Project 3: Wrangling Data - The dplyr Verbs
Build a data cleaning pipeline using core dplyr verbs.
Project Overview
| Attribute | Value |
|---|---|
| Difficulty | Level 1: Beginner |
| Time Estimate | Weekend |
| Main Language | R |
| Alternative Languages | Python (pandas), Julia |
| Knowledge Area | Data wrangling |
| Tools | dplyr |
| Main Book | “R for Data Science” by Wickham & Grolemund |
What you’ll build: A reproducible data cleaning script that filters, selects, groups, and summarizes data.
Why it teaches stats: Clean data is mandatory for valid statistical conclusions.
Core challenges you’ll face:
- Handling missing values
- Performing grouped summaries
- Keeping transformations readable
Real World Outcome
You will output a cleaned dataset and a summary table for selected groups.
Example Output:
Filtered rows: 20
Grouped summary saved to summary.csv
Verification steps:
- Check row counts after each step
- Validate summaries against expectations
The Core Question You’re Answering
“How do I transform messy data into analysis-ready tables?”
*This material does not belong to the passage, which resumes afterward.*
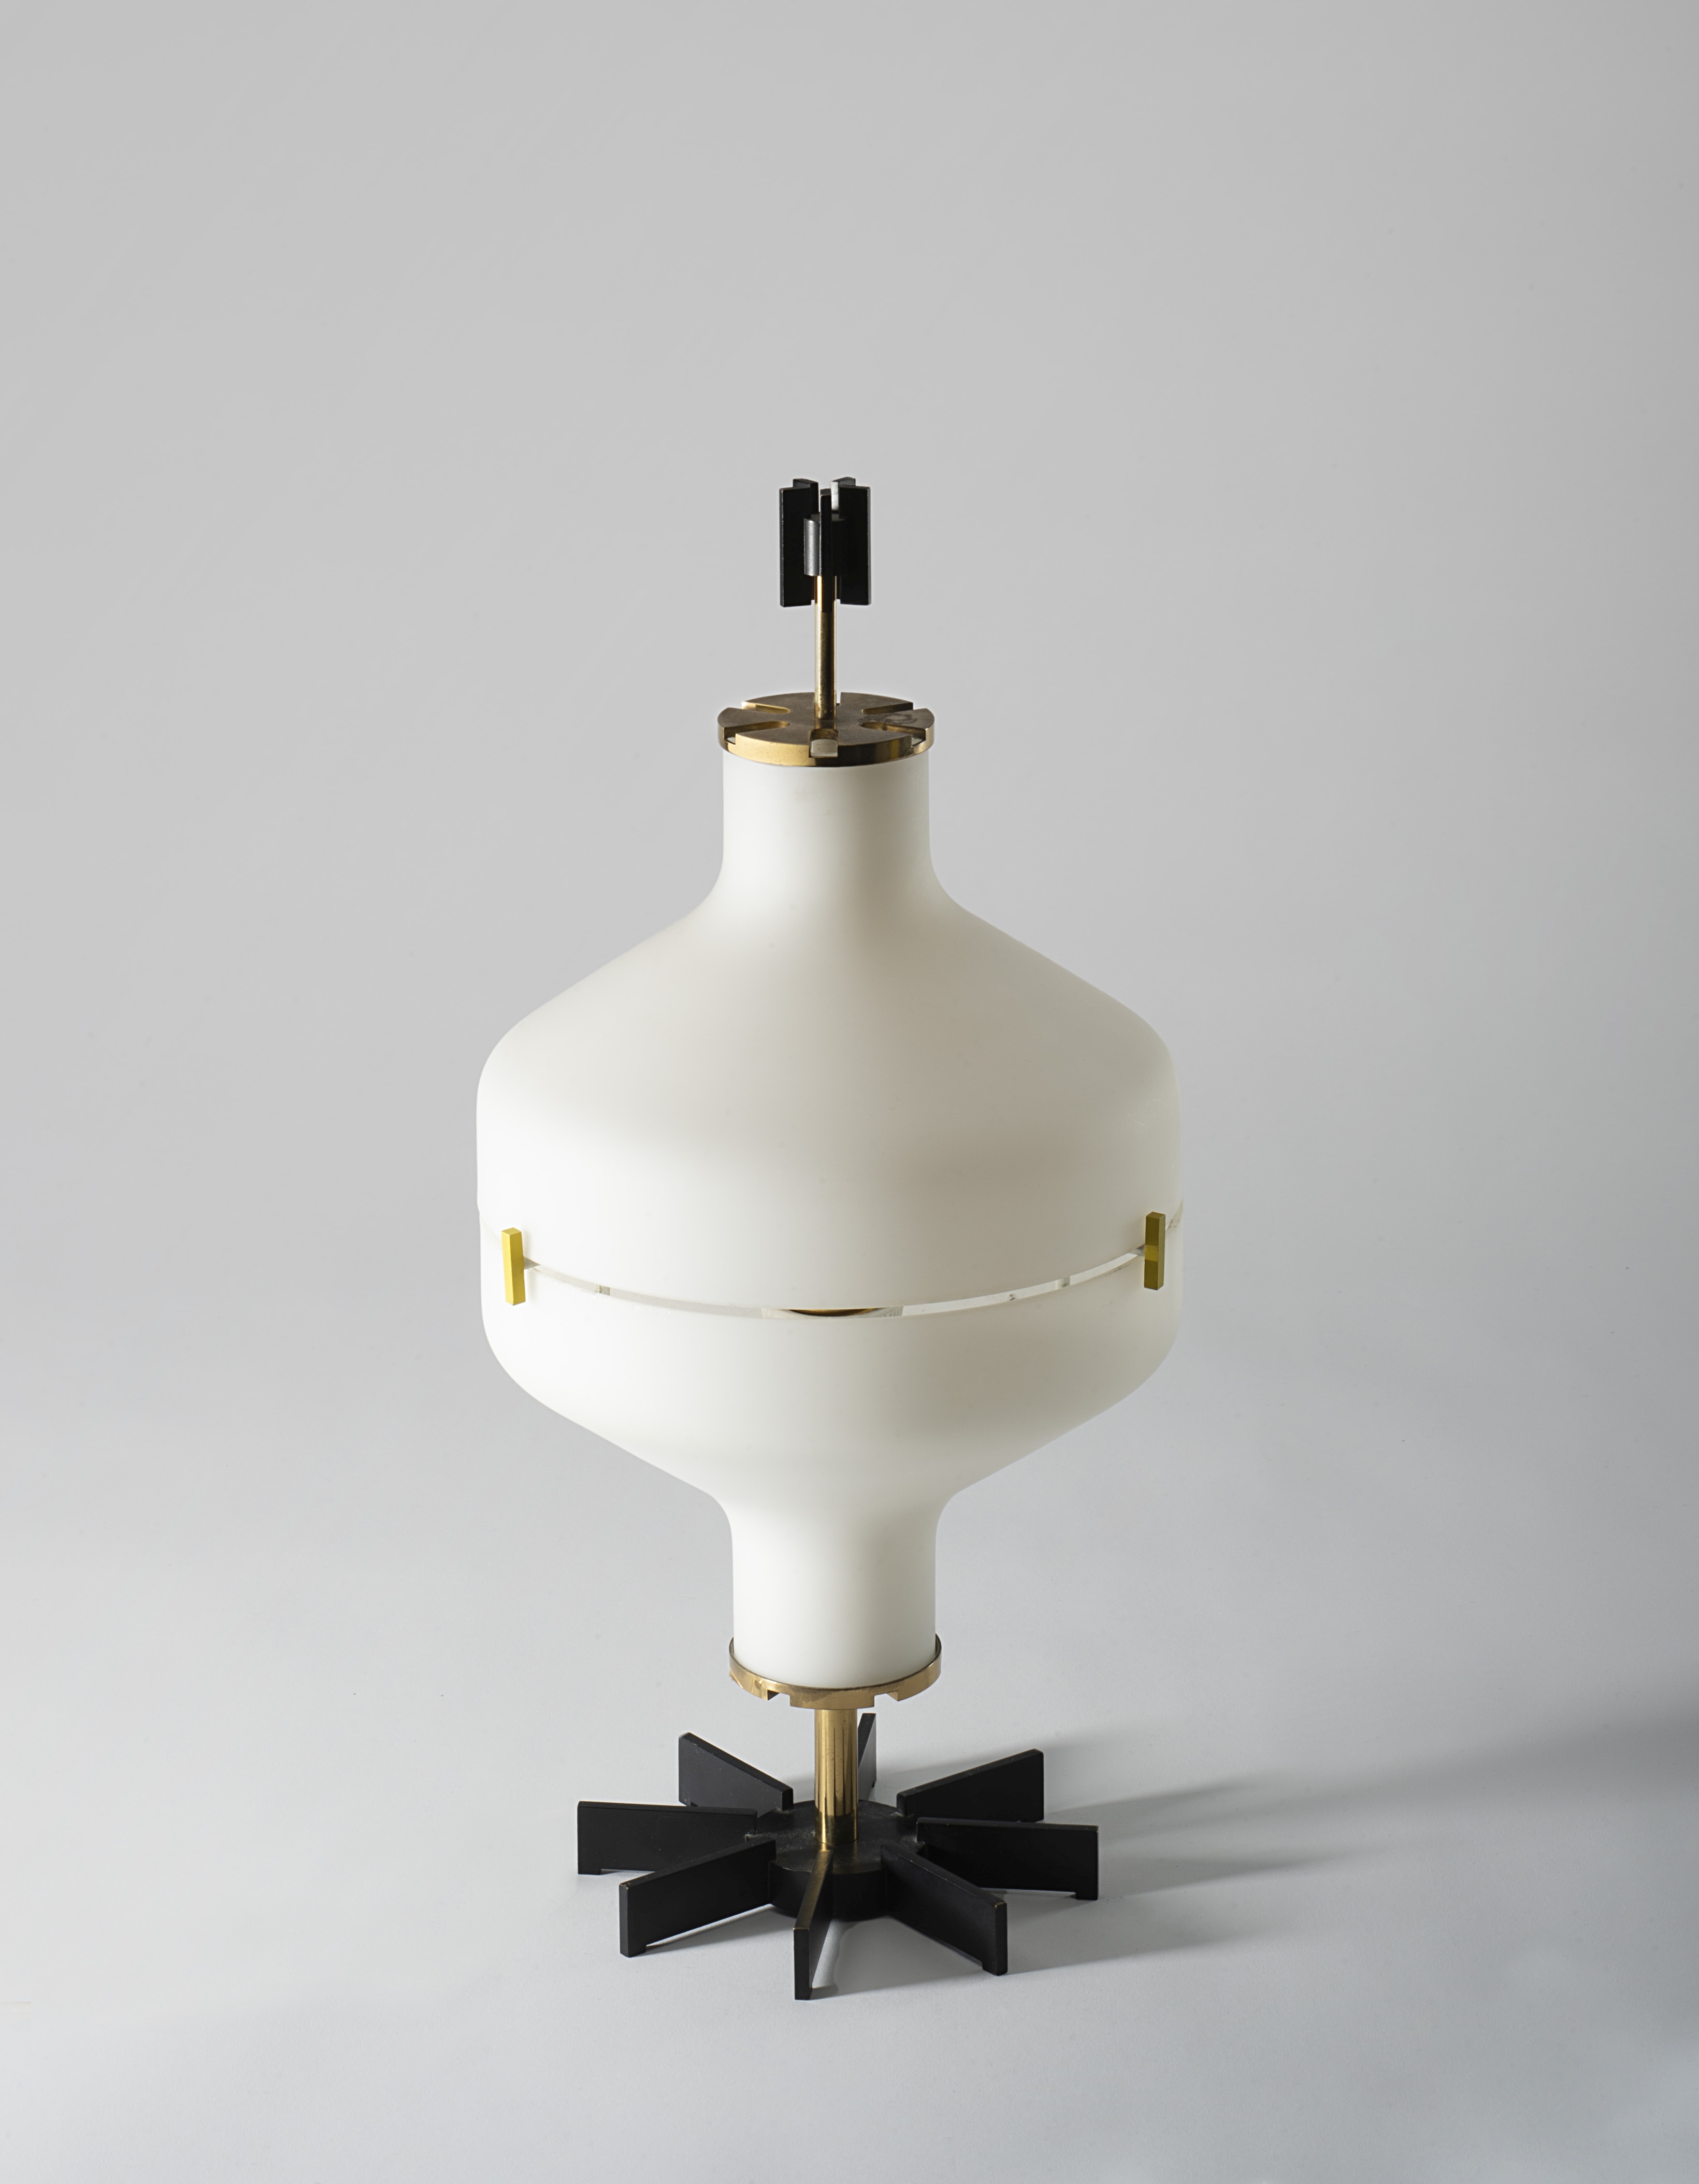 Angelo Lelii Table lamp, model no. 12676, circa 1958

This is the core of practical data work.
Concepts You Must Understand First
Stop and research these before coding:
- Filter and select
- How do you subset data safely?
- Book Reference: “R for Data Science”, Ch. 5
- Group by and summarize
- How do you compute stats per group?
- Book Reference: “R for Data Science”, Ch. 5
- Missing values
- How do NA values affect calculations?
- Book Reference: “R for Data Science”, Ch. 5
Questions to Guide Your Design
- Pipeline clarity
- How will you structure chained operations?
- Will you keep intermediate outputs for debugging?
- Validation
- How will you verify that cleaning didn’t remove valid data?
- How will you document assumptions?
Thinking Exercise
Grouped Summary
Group cars by cylinder count and compute average mpg. What patterns do you expect?
Questions while working:
- Why do grouped summaries matter?
- How does sample size affect interpretation?
The Interview Questions They’ll Ask
Prepare to answer these:
- “What are the core dplyr verbs?”
- “How do you handle missing values?”
- “Why is grouping important?”
- “How do you keep data pipelines readable?”
- “How do you validate transformations?”
Hints in Layers
Hint 1: Starting Point Use select and filter to create a smaller dataset.
Hint 2: Next Level Add group_by and summarize to compute stats.
Hint 3: Technical Details Use n() to track group sizes.
Hint 4: Tools/Debugging Print intermediate summaries to verify steps.
Books That Will Help
| Topic | Book | Chapter |
|---|---|---|
| dplyr verbs | “R for Data Science” | Ch. 5 |
| Grouped summaries | “R for Data Science” | Ch. 5 |
| Missing values | “R for Data Science” | Ch. 5 |
Implementation Hints
- Keep a consistent naming scheme for columns.
- Use pipes to keep transformations readable.
- Save cleaned data as a separate artifact.
Learning Milestones
- First milestone: You can filter and select data correctly.
- Second milestone: You can compute grouped summaries.
- Final milestone: You can build reproducible data pipelines.